Une équipe d'experts de BC Ferries sur place
M. Jimenez a dit que 60 % des navires du monde sont construits en Chine, et BC Ferries a fait preuve de diligence raisonnable pour s'assurer de bien comprendre les «risques techniques, de livraison et liés au pays associés à cette décision».
M. Hooper a indiqué que le processus d'approvisionnement comprenait des équipes d'experts chargées d'évaluer les offres du monde entier selon 30 critères différents, et que les soumissionnaires les plus offrants avaient également été rencontrés en personne.
BC Ferries a indiqué qu'elle disposera de sa propre équipe d'experts sur place au chantier naval tout au long de la construction afin d'effectuer la surveillance et l'assurance qualité.
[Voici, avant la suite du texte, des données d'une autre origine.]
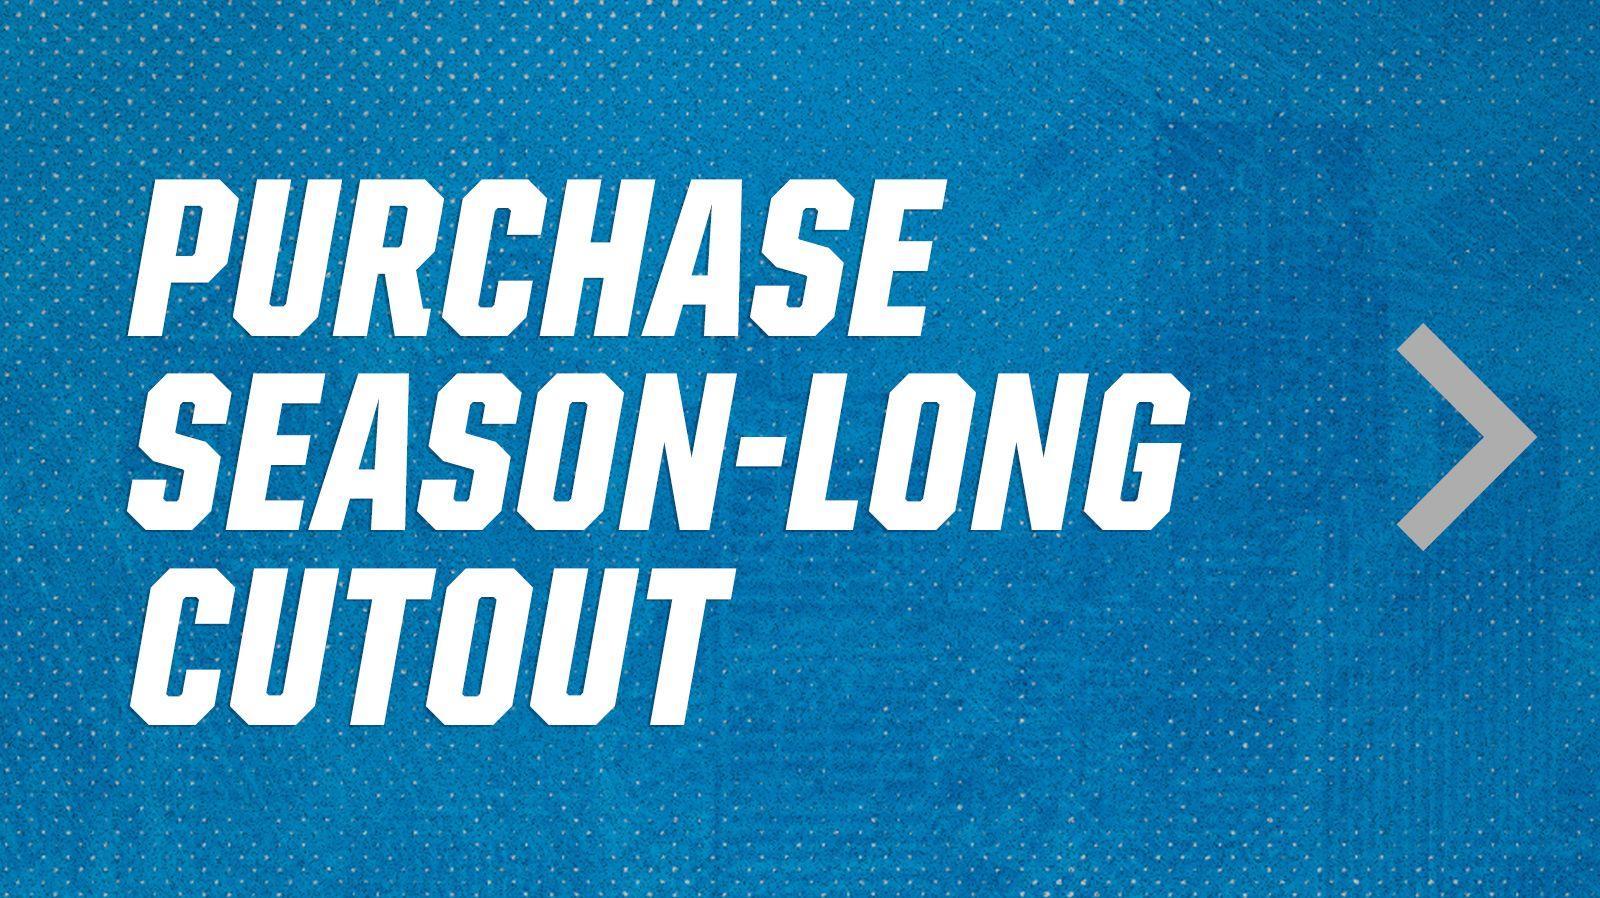 purchase-season-long

Dans un communiqué, l'opposition conservatrice de la Colombie-Britannique a accusé le premier ministre David Eby d'avoir «abandonné les travailleurs canadiens» en attribuant un contrat de plusieurs milliards de dollars à une entreprise d'État chinoise.
La flotte vieillissante de traversiers de la Colombie-Britannique a subi des retards et des pannes de navigation longs et coûteux ces dernières années.
L'année dernière, le Queen of New Westminster, vieux de 61 ans, a été hors service pendant près de 200 jours après une panne mécanique. Selon M. Jimenez, celle-ci a coûté 5,5 millions $ en réparations imprévues et 8,5 millions $ en pertes de revenus.
Outre le Queen of New Westminster, le Queen of Cowichan, le Queen of Alberni et le Queen of Coquitlam sont également en cours de remplacement. Ces navires fêteront tous leurs 50 ans l'année prochaine.